EXTRACTED DATA >>
·····

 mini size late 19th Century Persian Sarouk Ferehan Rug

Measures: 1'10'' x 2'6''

·····

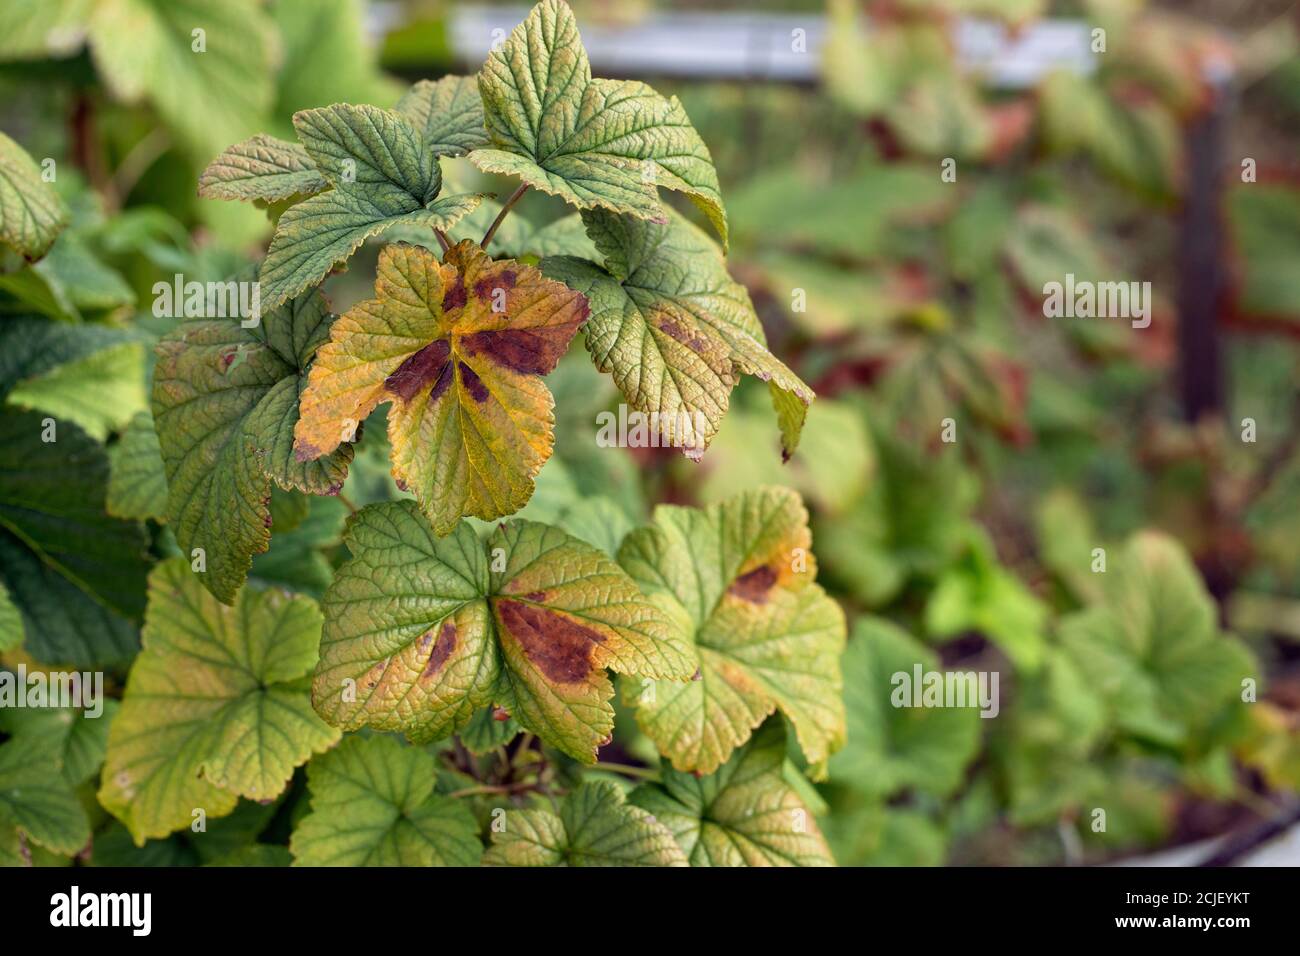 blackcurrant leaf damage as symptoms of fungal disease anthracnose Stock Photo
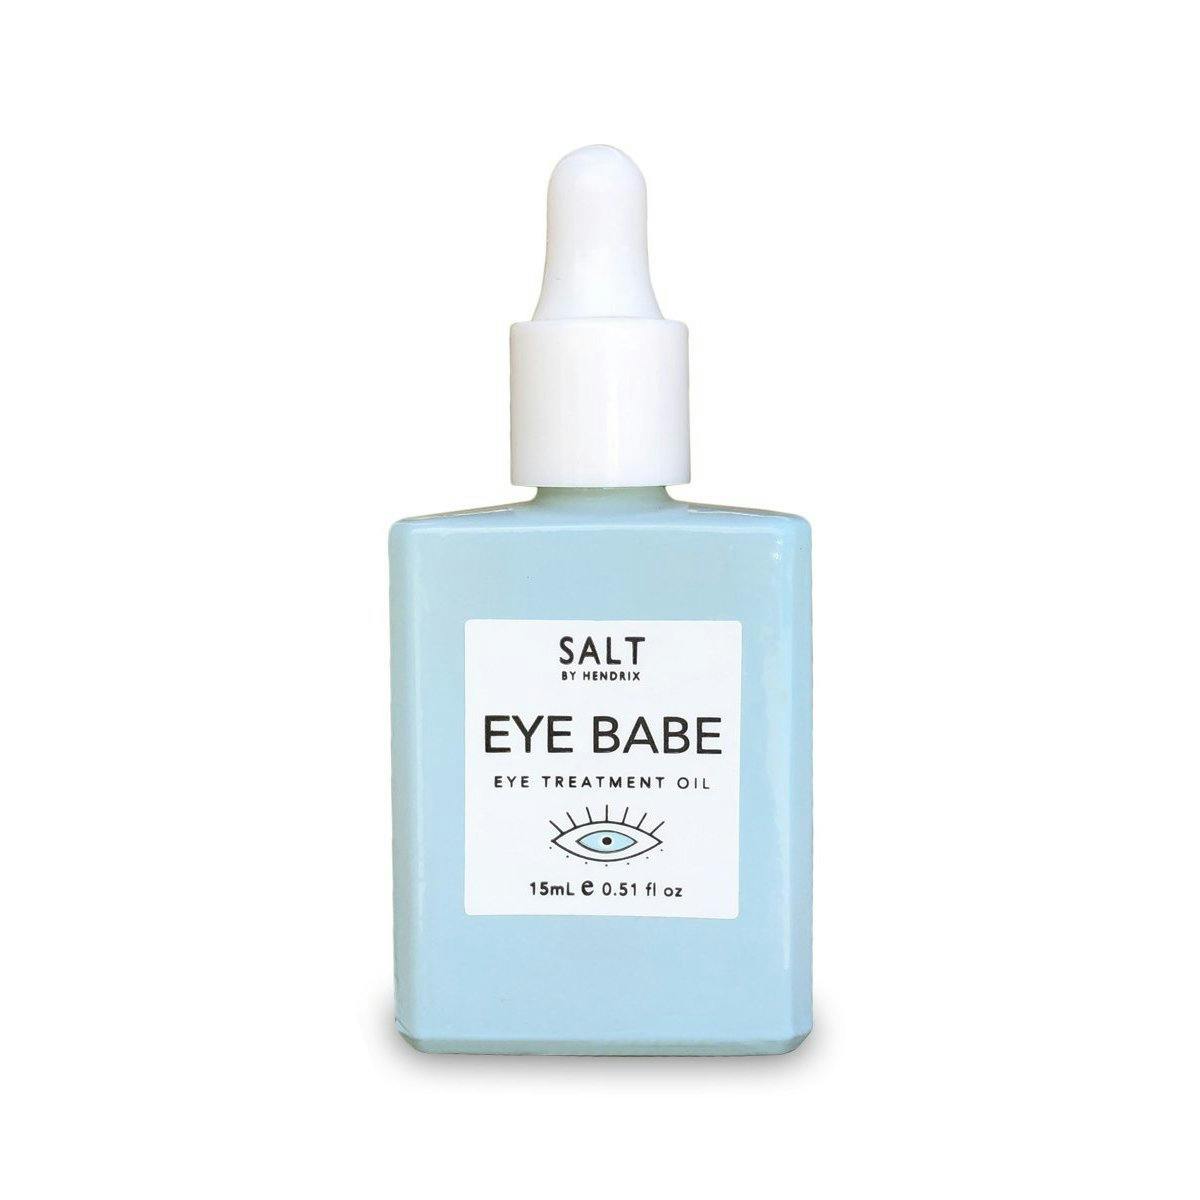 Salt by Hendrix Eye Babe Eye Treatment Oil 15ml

·····

TASK GOAL >> Everything from the line with "mini size late" through the line with "Measures: 1'10'' x 2'6''" in the listing above must be retyped exactly, with nothing added.

EXERCISE RESULT >>
 mini size late 19th Century Persian Sarouk Ferehan Rug

Measures: 1'10'' x 2'6''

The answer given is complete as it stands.